My attempts so far have been to run pd.apply
, and then for each of those rows call a function that returns a list of pd.Series
objects that I would then call append
on to add them to the original DataFrame
. This hasn't worked out, though.
Here is an example I tried with some dummy code to replicate:
students = [ ('Jack', 34, 'Sydney' , 'Australia') ,
('Jill', 30, 'New York' , 'USA' ) ]
# Create a DataFrame object
df = pd.DataFrame(students, columns = ['Name' , 'Age', 'City' , 'Country'], index=['a', 'b', 'c' , 'd' , 'e' , 'f'])
# function I will use to explode a single row into 10 new rows
def replicate(x):
new_rows = []
i = 0
for j in range(3):
y = x.copy(deep=True)
y.Age = i
i += 1
new_rows.append(y)
return new_rows
# Iterate over each row and append the results
df.apply(lambda x: df.append(replicate(x))

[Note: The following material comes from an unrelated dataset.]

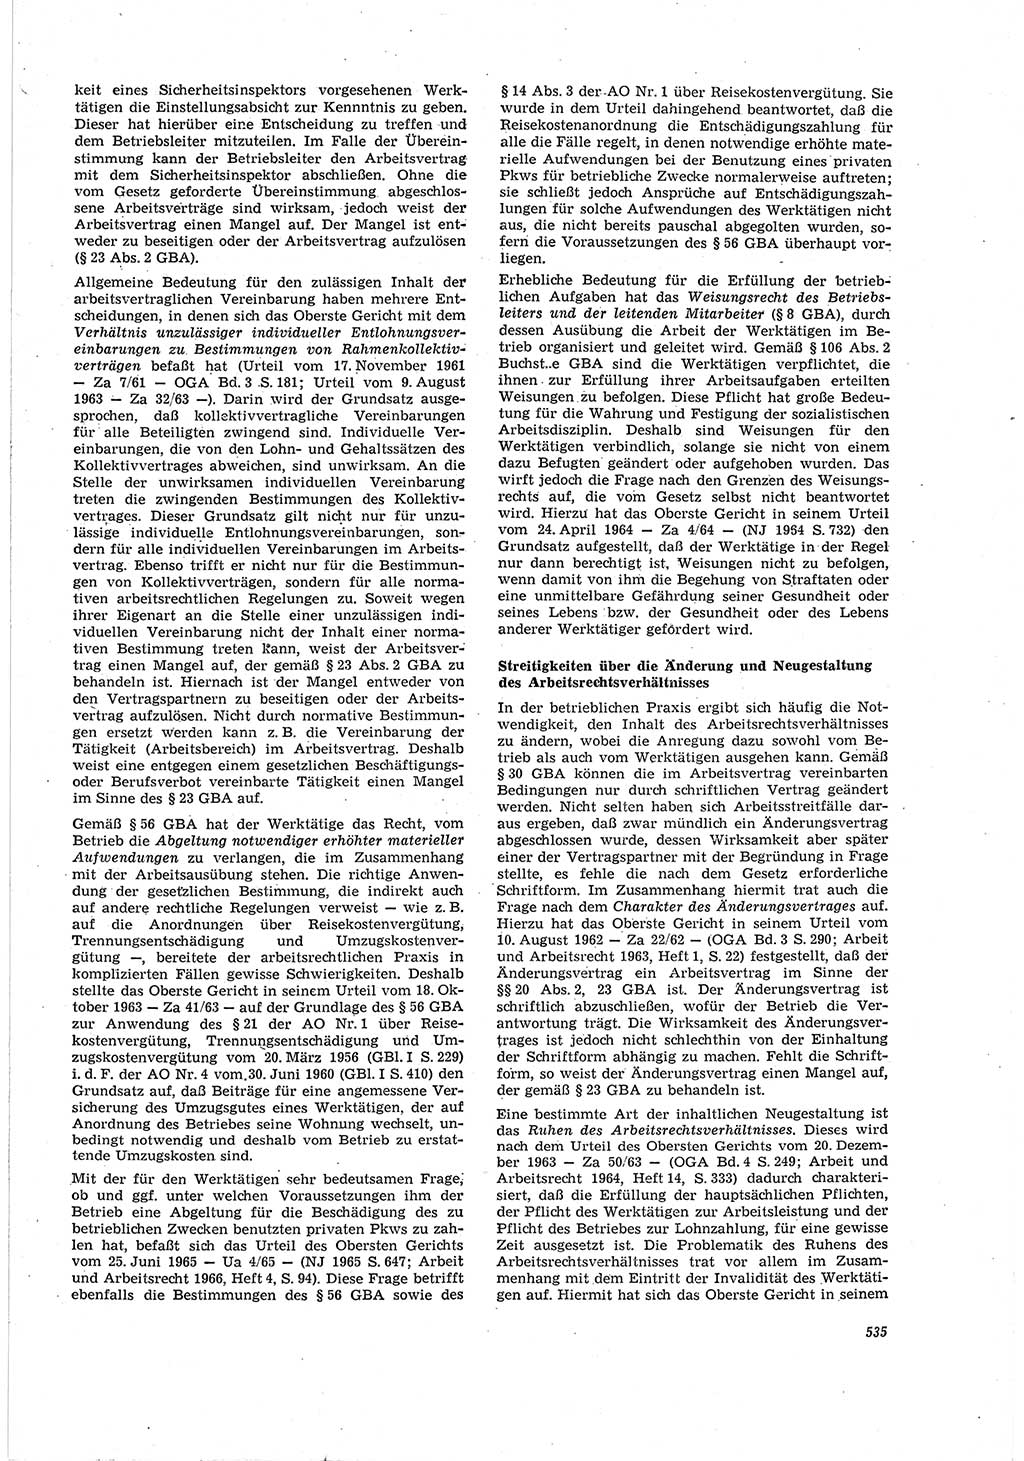 Neue Justiz (NJ), Zeitschrift für Recht und Rechtswissenschaft [Deutsche Demokratische Republik (DDR)], 20. Jahrgang 1966, Seite 535 (NJ DDR 1966, S. 535)

For the above, I'd expect output like the following:
Jack, 34, Sydney, Australia
Jack, 0, Sydney, Australia
Jack, 1, Sydney, Australia
Jack, 2, Sydney, Australia
Jill, 30, New York, USA
Jill, 0, New York, USA
Jill, 1, New York, USA
Jill, 2, New York, USA
In the end, I'd like my dataframe to have N times as many rows, where I can compute derived rows from the original rows. I'd like to do this in a space effective manner, and this isn't happening right now. Any help is appreciated!
Upvotes: 6
Views: 2324
Reputation: 323236
IIUC
d={x : y.set_index('Age').reindex(range(y['Age'].iloc[0]+1),method='bfill') for x , y in df.groupby(level=0)}
newdf=pd.concat(d).reset_index(level=1)
newdf
Out[220]:
Age Name City Country
a 0 Jack Sydney Australia
a 1 Jack Sydney Australia
a 2 Jack Sydney Australia
a 3 Jack Sydney Australia
a 4 Jack Sydney Australia
a 5 Jack Sydney Australia
a 6 Jack Sydney Australia
a 7 Jack Sydney Australia
a 8 Jack Sydney Australia
a 9 Jack Sydney Australia
a 10 Jack Sydney Australia
a 11 Jack Sydney Australia
a 12 Jack Sydney Australia
a 13 Jack Sydney Australia
a 14 Jack Sydney Australia
a 15 Jack Sydney Australia
a 16 Jack Sydney Australia
a 17 Jack Sydney Australia
a 18 Jack Sydney Australia
a 19 Jack Sydney Australia
a 20 Jack Sydney Australia
a 21 Jack Sydney Australia
a 22 Jack Sydney Australia
a 23 Jack Sydney Australia
a 24 Jack Sydney Australia
a 25 Jack Sydney Australia
a 26 Jack Sydney Australia
a 27 Jack Sydney Australia
a 28 Jack Sydney Australia
a 29 Jack Sydney Australia
.. ... ... ... ...
b 1 Jill New York USA
b 2 Jill New York USA
b 3 Jill New York USA
b 4 Jill New York USA
b 5 Jill New York USA
b 6 Jill New York USA
b 7 Jill New York USA
b 8 Jill New York USA
b 9 Jill New York USA
b 10 Jill New York USA
b 11 Jill New York USA
b 12 Jill New York USA
b 13 Jill New York USA
b 14 Jill New York USA
b 15 Jill New York USA
b 16 Jill New York USA
b 17 Jill New York USA
b 18 Jill New York USA
b 19 Jill New York USA
b 20 Jill New York USA
b 21 Jill New York USA
b 22 Jill New York USA
b 23 Jill New York USA
b 24 Jill New York USA
b 25 Jill New York USA
b 26 Jill New York USA
b 27 Jill New York USA
b 28 Jill New York USA
b 29 Jill New York USA
b 30 Jill New York USA
[66 rows x 4 columns]
Upvotes: 1
Reputation: 59549
IIUC, you want np.repeat
, using the Age
column to specify the number of repeats, then fix the age column after the fact.
import pandas as pd
df1 = pd.DataFrame(df.values.repeat(df.Age+1, axis=0),
columns=['Name', 'Age', 'City', 'Country'])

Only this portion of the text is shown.